Given records below:

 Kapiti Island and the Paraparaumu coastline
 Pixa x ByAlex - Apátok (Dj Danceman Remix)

End of Given records.
Given records below:

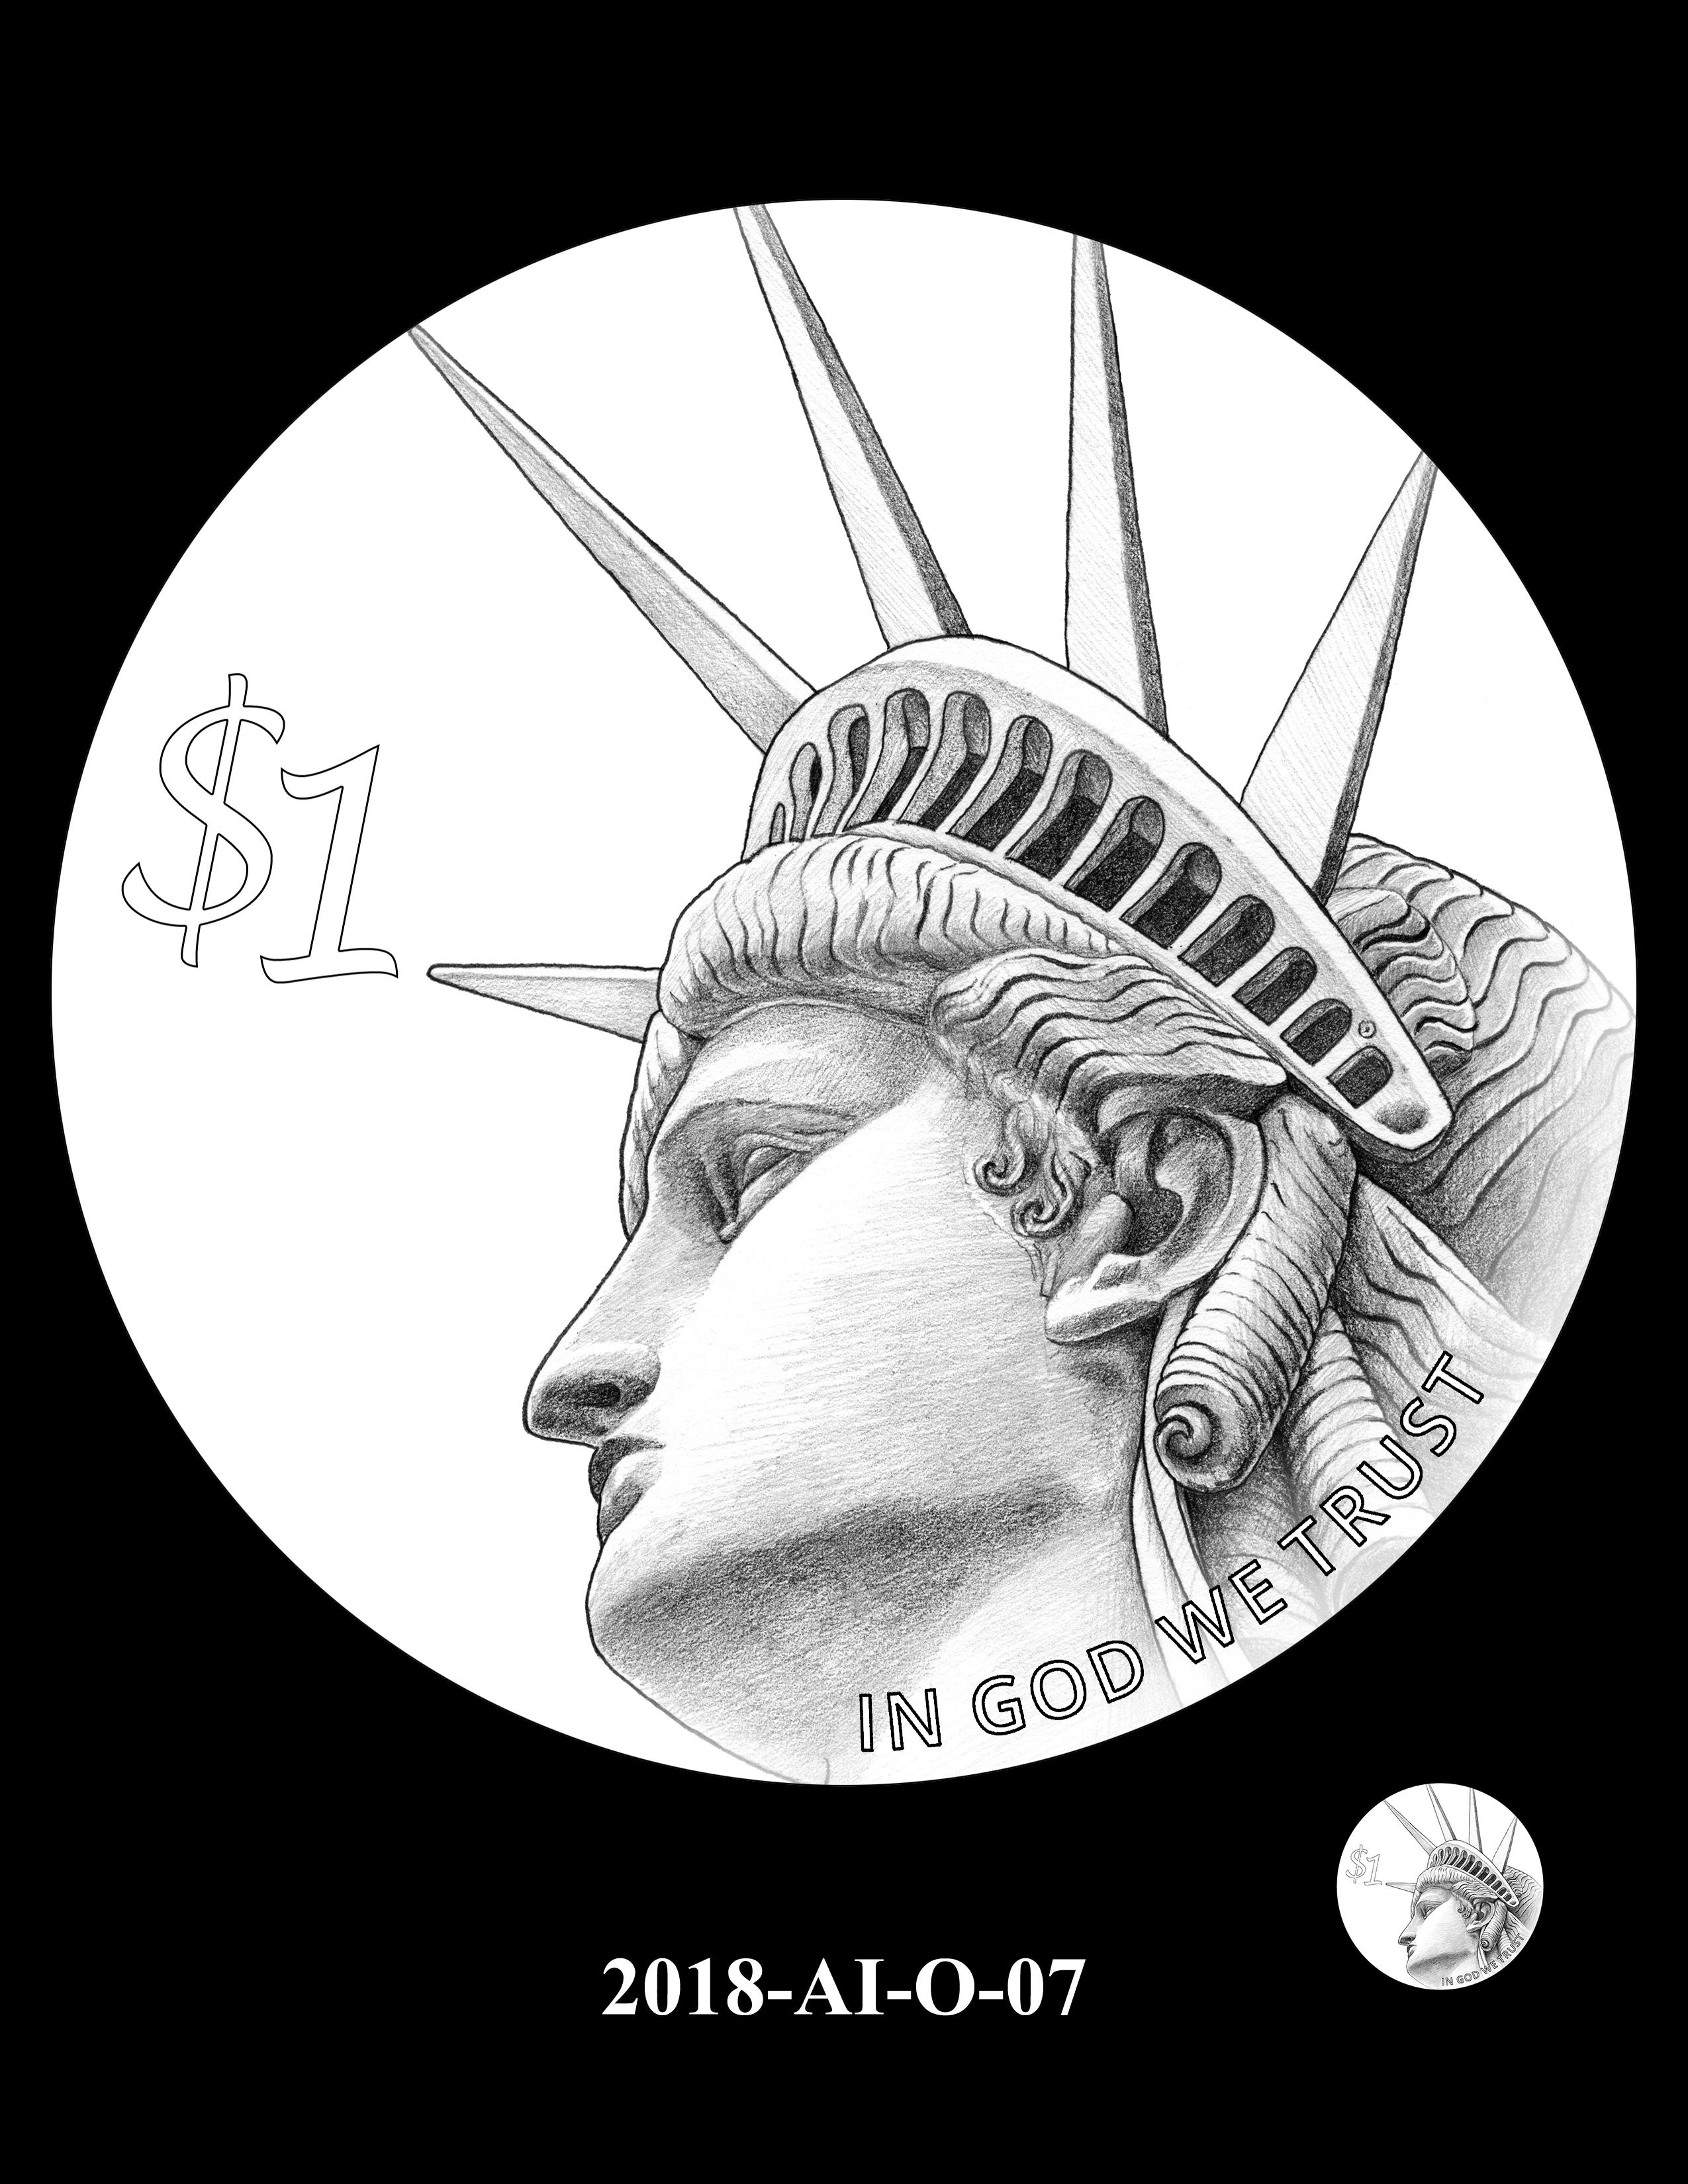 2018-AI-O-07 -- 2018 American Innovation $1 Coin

End of Given records.
Given records below:

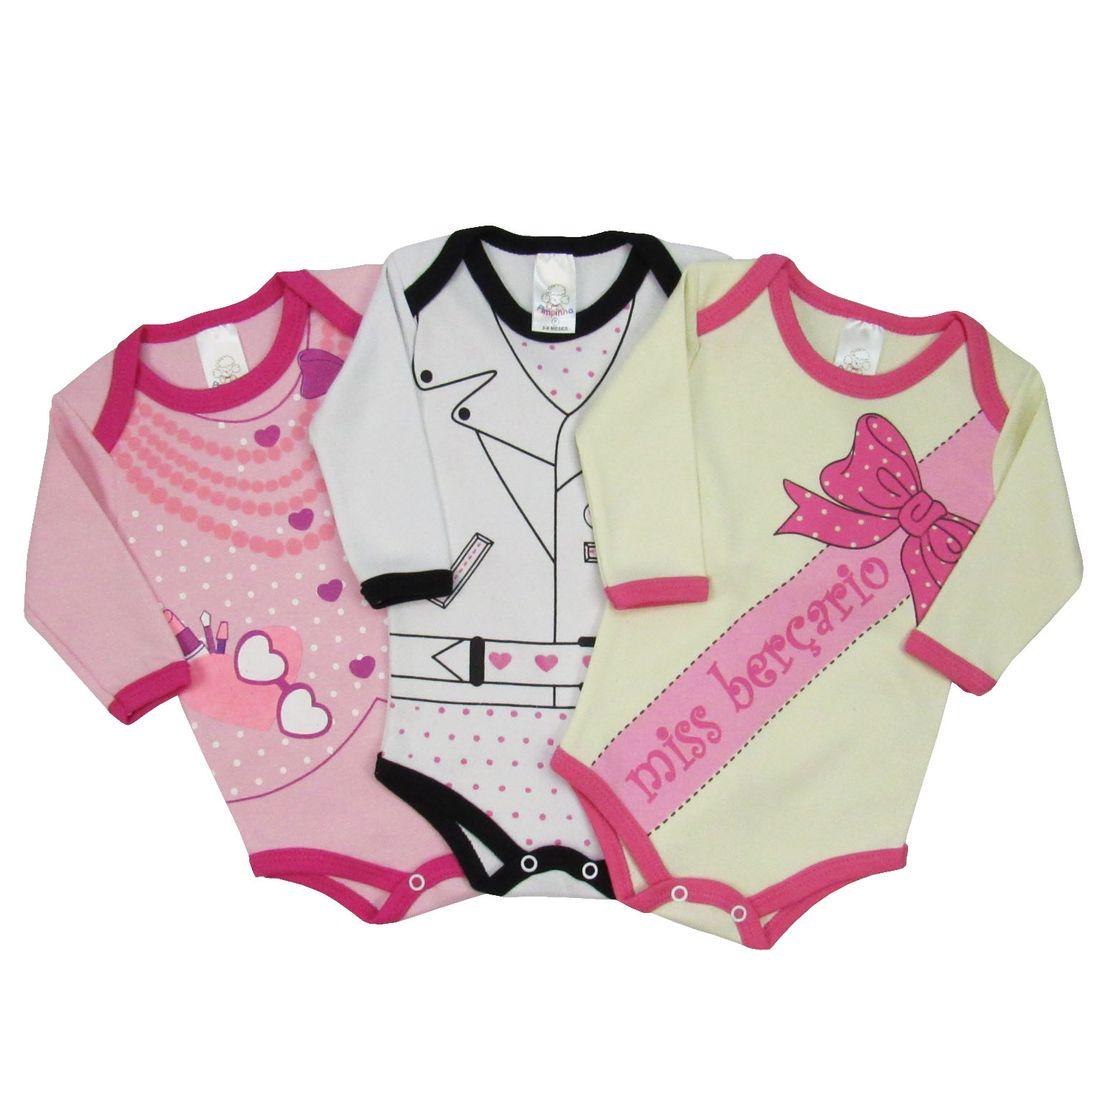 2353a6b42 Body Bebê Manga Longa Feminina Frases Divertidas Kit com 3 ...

End of Given records.

== Work task ==
Everything above from the line containing "Kapiti Island and the Paraparaumu coastline" down to the line containing "Pixa x ByAlex - Apátok (Dj Danceman Remix)" is to be transcribed exactly, with both of those lines included and nothing else added.

== Reply to the exercise ==
 Kapiti Island and the Paraparaumu coastline
 Pixa x ByAlex - Apátok (Dj Danceman Remix)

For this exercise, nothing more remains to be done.